Le sommaire ci-dessous est présenté dans la langue de la demande soumis par les demandeurs du concours SCR-CALA.

Diabetes, a chronic disease characterized by high levels of blood sugar, once was a disease that began as people approached their 60s. Now diabetes is occurring in younger age groups and affects more than 300 million people worldwide and nearly two million Canadians over the age of 12. Diabetes is a chronic disease that impacts quality of life and shortens life expectancy by triggering devastating health complications.

Chronic hyperglycemia has been associated with cognitive impairment and brain structural changes, and epidemiologic studies suggest an important correlation between type II diabetes and the progression of Alzheimer’s disease. Even though Alzheimer’s disease can only be influenced to a limited extent, optimal treatment of diabetes may have also a positive effect on Alzheimer’s disease. Thus, understanding the mechanisms involved in the deleterious effects of hyperglycemia in the brain becomes a critical issue, such as the study of common intracellular pathways that can lead from diabetes to Alzheimer’s disease.

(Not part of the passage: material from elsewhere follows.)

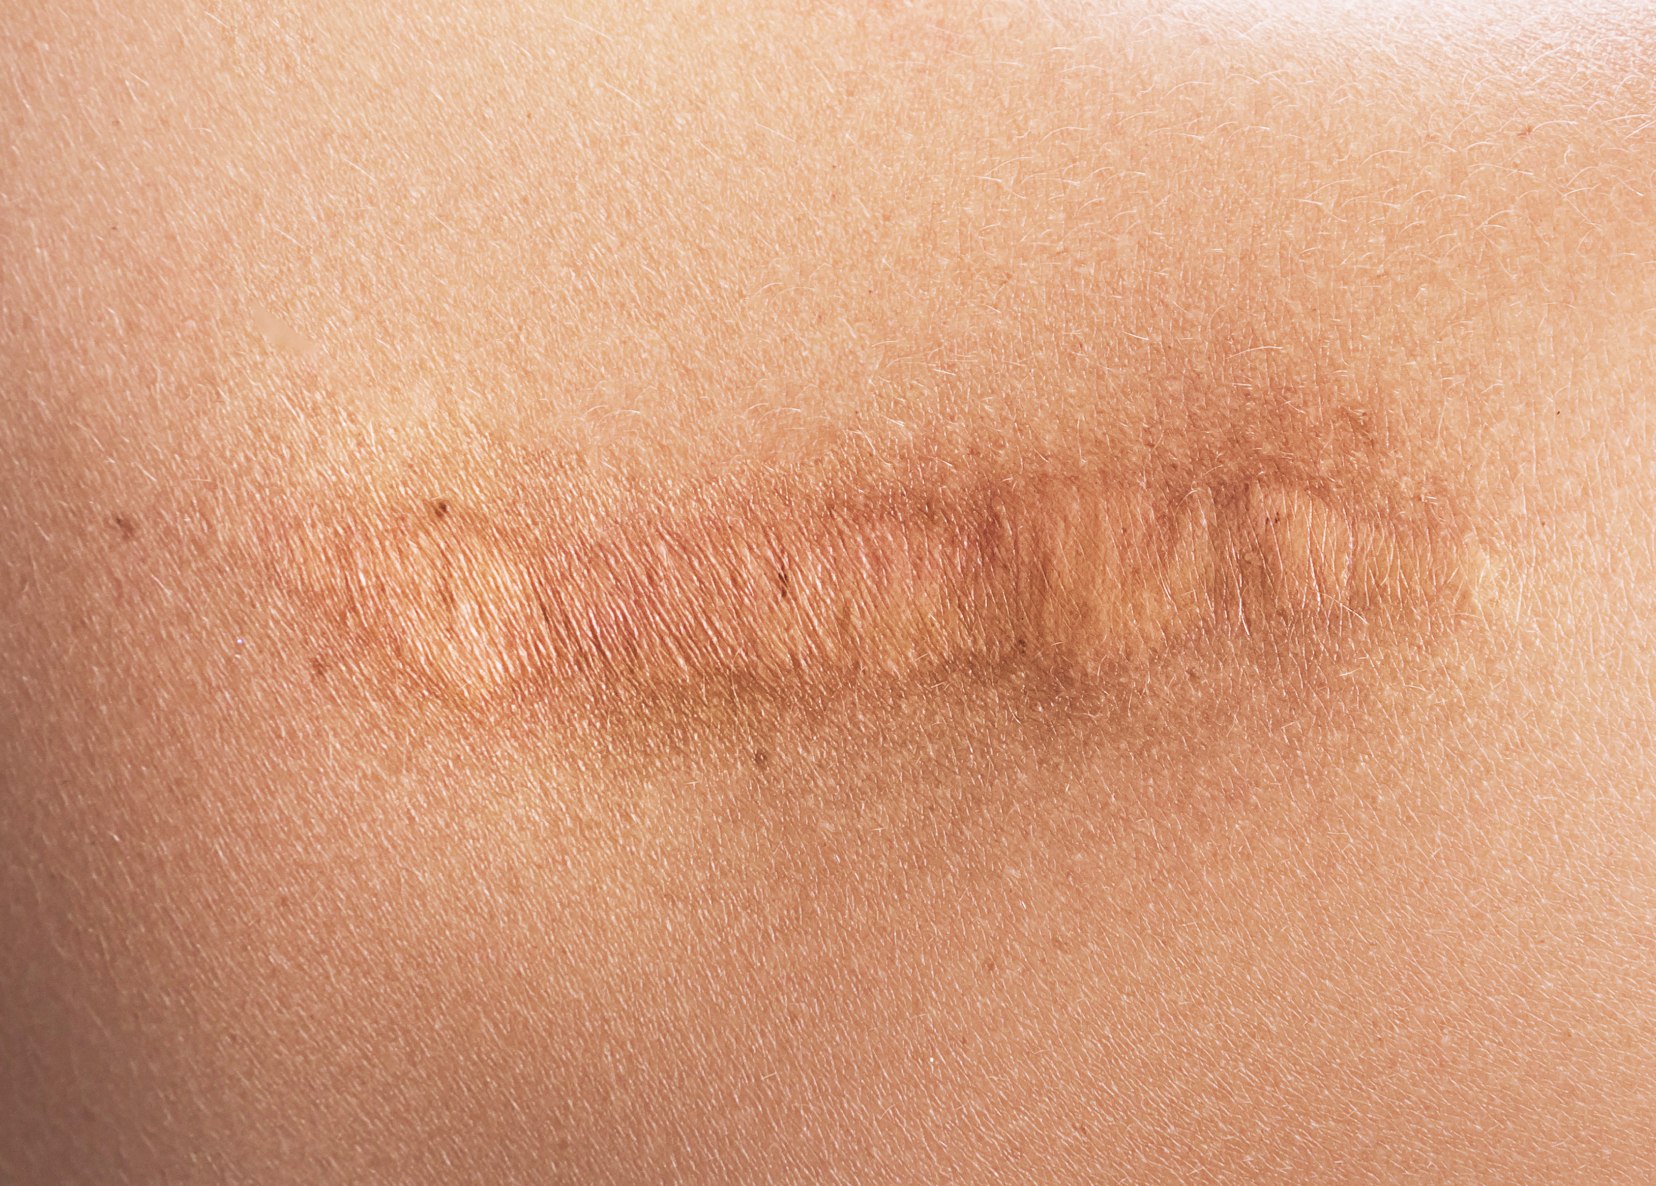 Cicatrices | Laser vasculaire cicatrice | Médecine esthétique | Dr Paitel | Le Cannet-des-Maures

Therefore, the objective of this proposal is to understand mechanisms that underlie neuronal impairment during elevated glucose conditions, including regulation of axonal transport dynamics, changes in protein localization, modulation of neurotransmitter receptors and synaptic transmission. We will particularly concentrate in the Receptor for Advanced Glycation End-products (RAGE), which has been identified at the centre of the pathological scenario developed in both diabetes and Alzheimer’s disease. The ultimate goal of this project is to contribute to a better understanding of pathological processes that affect the central nervous system in order to identify new therapeutic strategies for the treatment of neurodegenerative disorders.